Standalone bucket naming convention:

db_<newest_time>_<oldest_time>_<bucketid>
Example:

db_1550812574_1550720467_53
Append the Cluster Master GUID Rename each standalone bucket by appending the cluster master GUID to the end.

From:

db_<newest_time>_<oldest_time>_<bucketid>
To:

db_<newest_time>_<oldest_time>_<bucketid>_<guid>
Example:

mv db_1550812574_1550720467_53 \
   db_1550812574_1550720467_53_347A3164-2E3B-4D9D-8603-A17180A9E92E
(Here, guid=347A3164-2E3B-4D9D-8603-A17180A9E92E)

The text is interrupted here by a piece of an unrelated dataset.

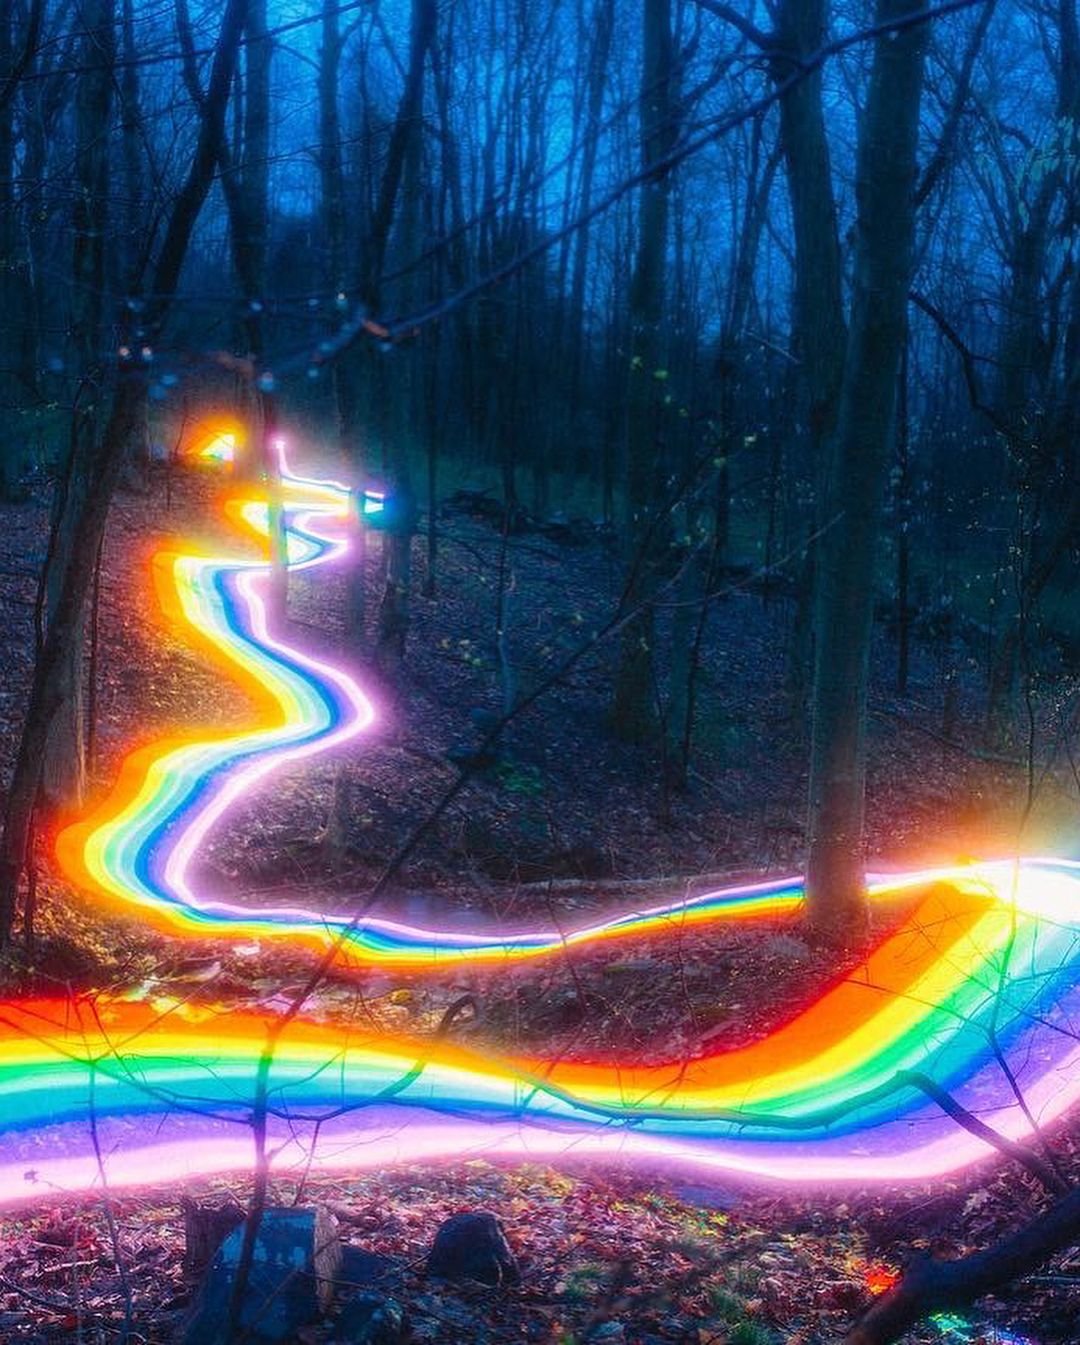 rainbow road has been traversing rocky creeks, exploring sheds, winding around lakes, and into the hearts of. Rainbow road, Rainbow aesthetic, Rainbow wallpaper

Reference: Splunk Docs - Bucket names

Restart the Indexer

$SPLUNK_HOME/bin/splunk restart
The search peer should now rejoin the cluster.

Disable Maintenance Mode (if enabled on CM).

Allow Bucket Fix-up Tasks Wait for the cluster to complete fix-up processing.

Important Notes
Ensure pass4symmkey is the same across all indexers and the Cluster Master.

Verify that the instance GUID is present in:

$SPLUNK_HOME/etc/instance.cfg
After these steps, the indexer should rejoin the cluster successfully.